This project is a framework for building HDP/HDF clusters on bare metal hardware with Ansible and deployed across a Docker Swarm.
- Step 1:
- Install Docker and K8s on target hosts
- Step 2:
All hosts information and deployments are captured here
Docker Swarm and the base network is created here.
Once the Swarm has been initialized, each host needs to join it.
After the Docker Swarm environment has been created, assign docker node labels with this ansible playbook.
https://portainer.readthedocs.io/en/stable/
Every cluster has basic dependencies on infrastructure components like a 'database', a local 'repo' and 'ldap'.

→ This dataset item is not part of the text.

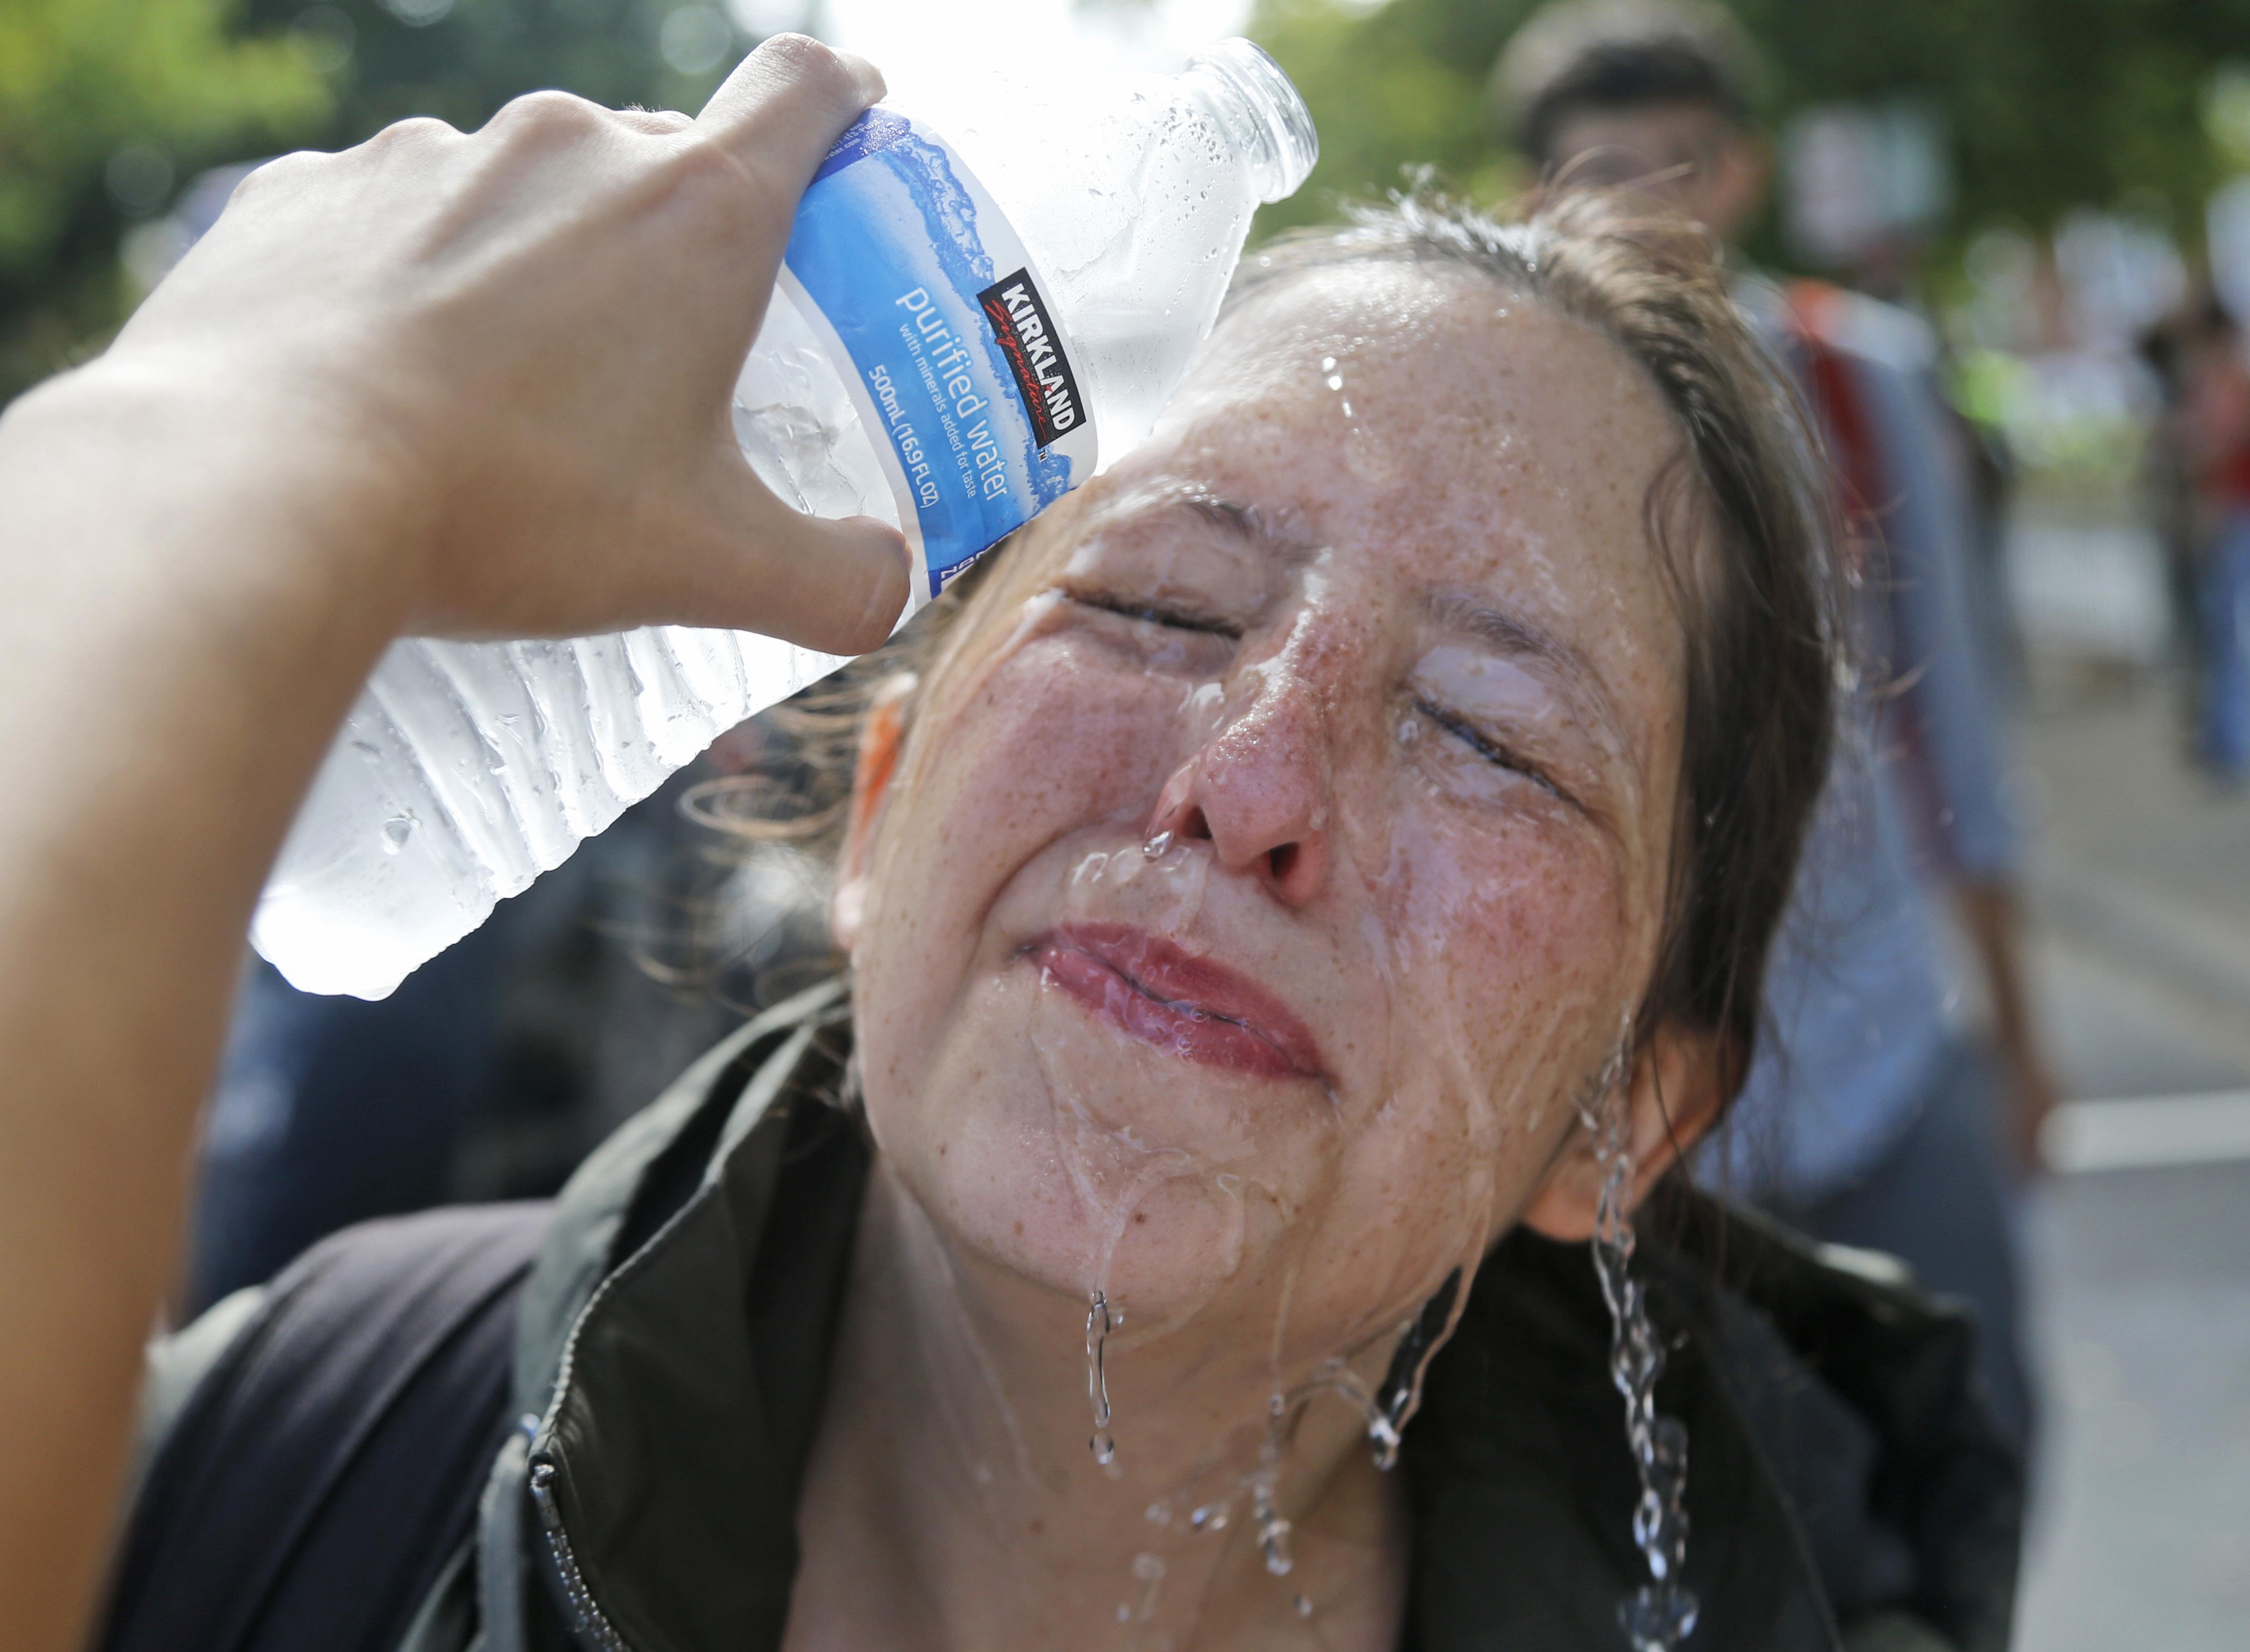 擁護白人至上主義的民眾與反對人士爆發流血衝突,圖為一名反對人士遭胡椒噴劑攻擊到雙眼後,潑水處理傷口。(美聯社)

With the 'hdp_base' network created with (./infrastructure/docker-init-swarm.sh) script, run the infrastructure playbook to create the shared 'mysql' database, 'http repo' and 'proxy' host used by the clusters.
The 'proxy' host, which is an 'sshd' server with an exposed port, is attached to the docker network used by all the clusters. I use this to 'tunnel' into the network via dynamic proxy, which I configure a browser to use.

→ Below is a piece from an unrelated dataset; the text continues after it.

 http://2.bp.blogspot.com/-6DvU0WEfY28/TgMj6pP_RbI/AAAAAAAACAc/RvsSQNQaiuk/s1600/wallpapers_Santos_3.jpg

In the bin directory are helper scripts for creating hosts to deploy an HDP/HDF cluster on. Each script requires a configuration parameter -i <instance>
. This reference a configuration file. The 'instance' value is anything between 01 and 99.

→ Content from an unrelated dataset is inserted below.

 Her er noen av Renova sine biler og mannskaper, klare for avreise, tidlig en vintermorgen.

Before running the initialization script, create the supporting config file from either the 2.6 template or the 2.7 template. The configuration file identifies details about how to setup / start the desired cluster, starting with the location.
There are 4 location configurations (full, left, center, and right). See deployments for details on these locations.
Each location template has been assigned to a particular set of hosts. The hosts in the docker swarm cluster have been assigned 'node labels' to assist with placement.
The cluster deployments use 'docker stack deploy' via a docker compose file to publish hosts for the cluster.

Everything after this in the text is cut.